The quinoa and brown rice, though pretty flavorless as-is, has a lot of potential. Given the flavors of the chicken, I’ll mix in a little bit of garlic powder, olive oil, and Italian seasonings to the grains, tonight. They are good ingredients to have on hand, college student or not. 

Italian Seasonings
Since there isn’t much to say about preparation or recipes for this post, I might as well delve into a brief history of chicken cordon bleu.

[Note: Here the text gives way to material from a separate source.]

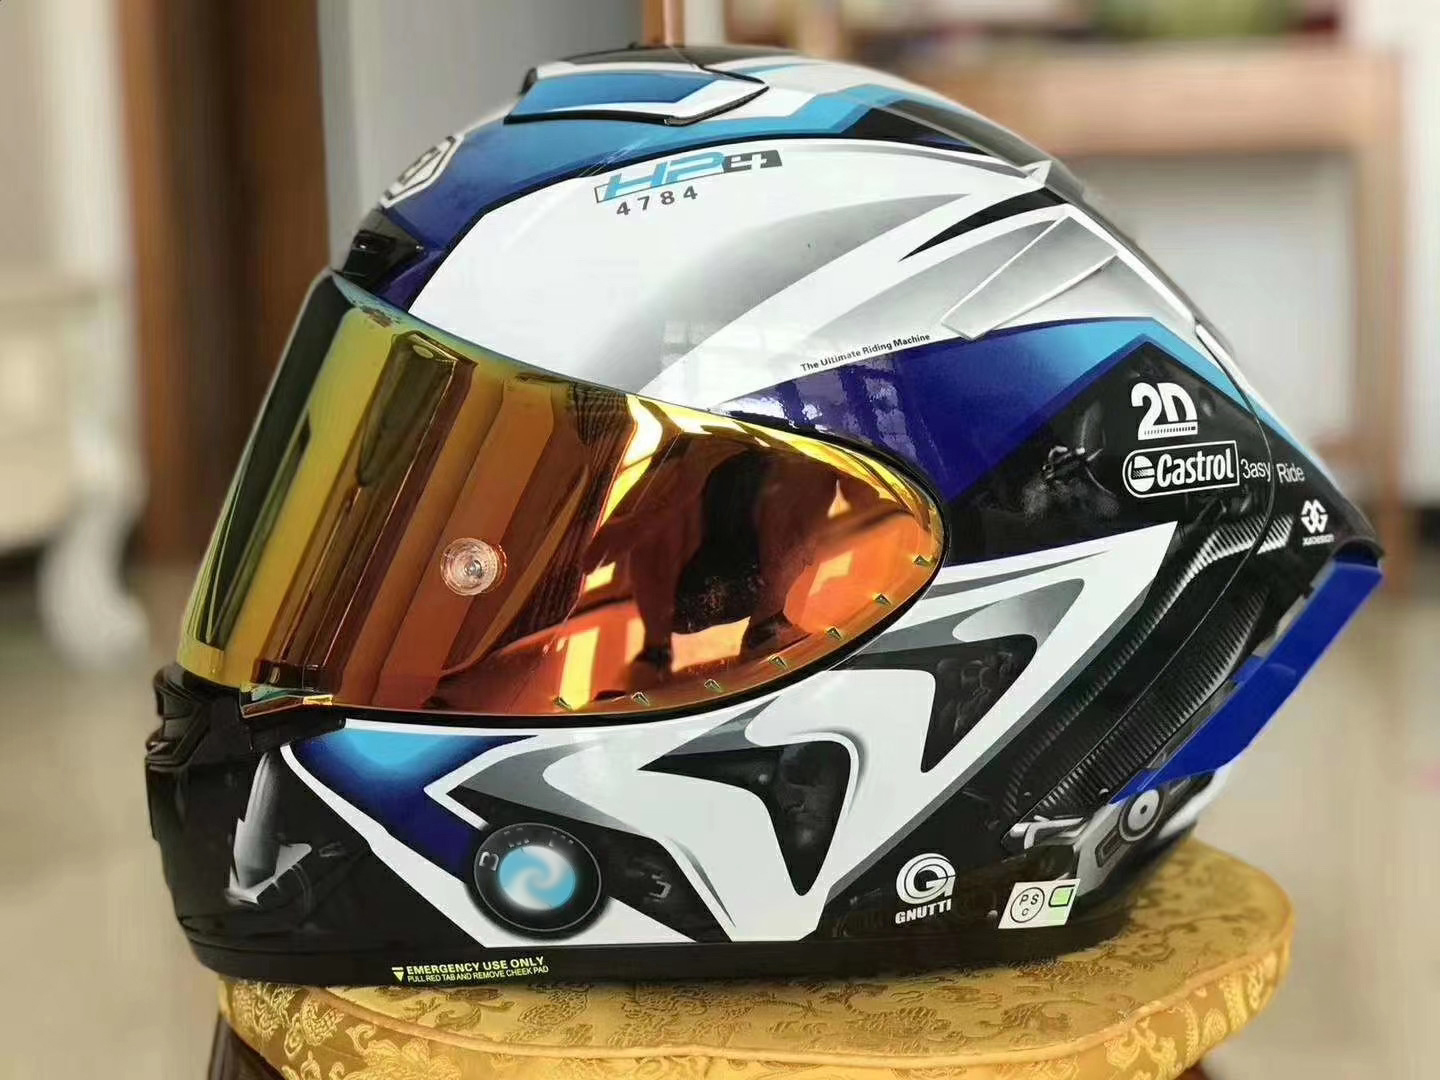 Full Face Motorcycle helmet X14 blue COLOR Helmet Riding Motocross Racing Motobike Helmet
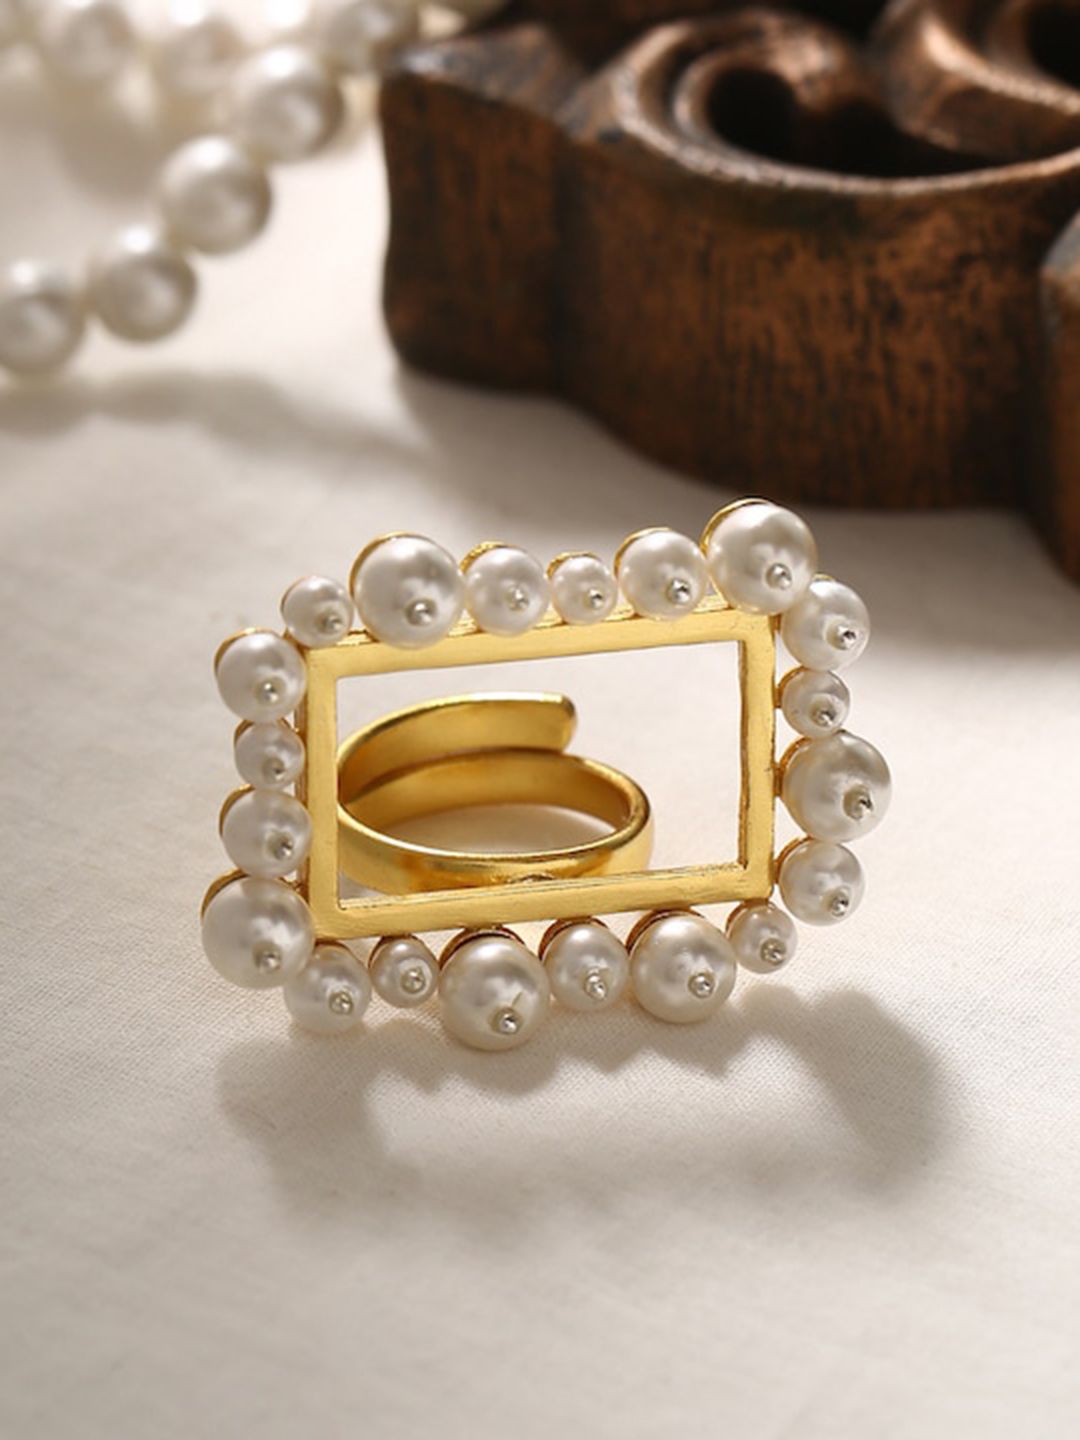 Mitali Jain Gold-Plated Margaret Finger Ring Price in India

According to Wikipedia, a “Cordon Bleu” dish is meat of some kind, wrapped around cheese, that has been breaded and either pan- or deep fried. The first cordon bleu dish was made with schnitzel, rather than chicken, and predated the first recorded chicken cordon bleu by about 20 years (1940s vs 1960s). “Cordon bleu” is French for “blue ribbon.”

So, now that you have that little bit of trivia under your belt, we go back to the cheatsy dinner I made.

The chicken cordon blehs come out of the oven at a temperature only slightly less than atomic and need to cool for a few minutes. The grains, fresh out of the microwave, require the same treatment.

Fresh out of the oven

After a bit of cooling, which gave me some time to season the rice and *almost* forget the pan that the chicken was on had just come out of the oven (a mistake that brought me perilously close to first or second degree burns on my left hand), it was time to plate.

Final Product
The rice turned out pretty well. I would maybe season it a bit more, next time. Considering the whole meal, for two people, cost about $5, I would say it wasn’t half bad.

Quick and cheap? Now that‘s the college living way!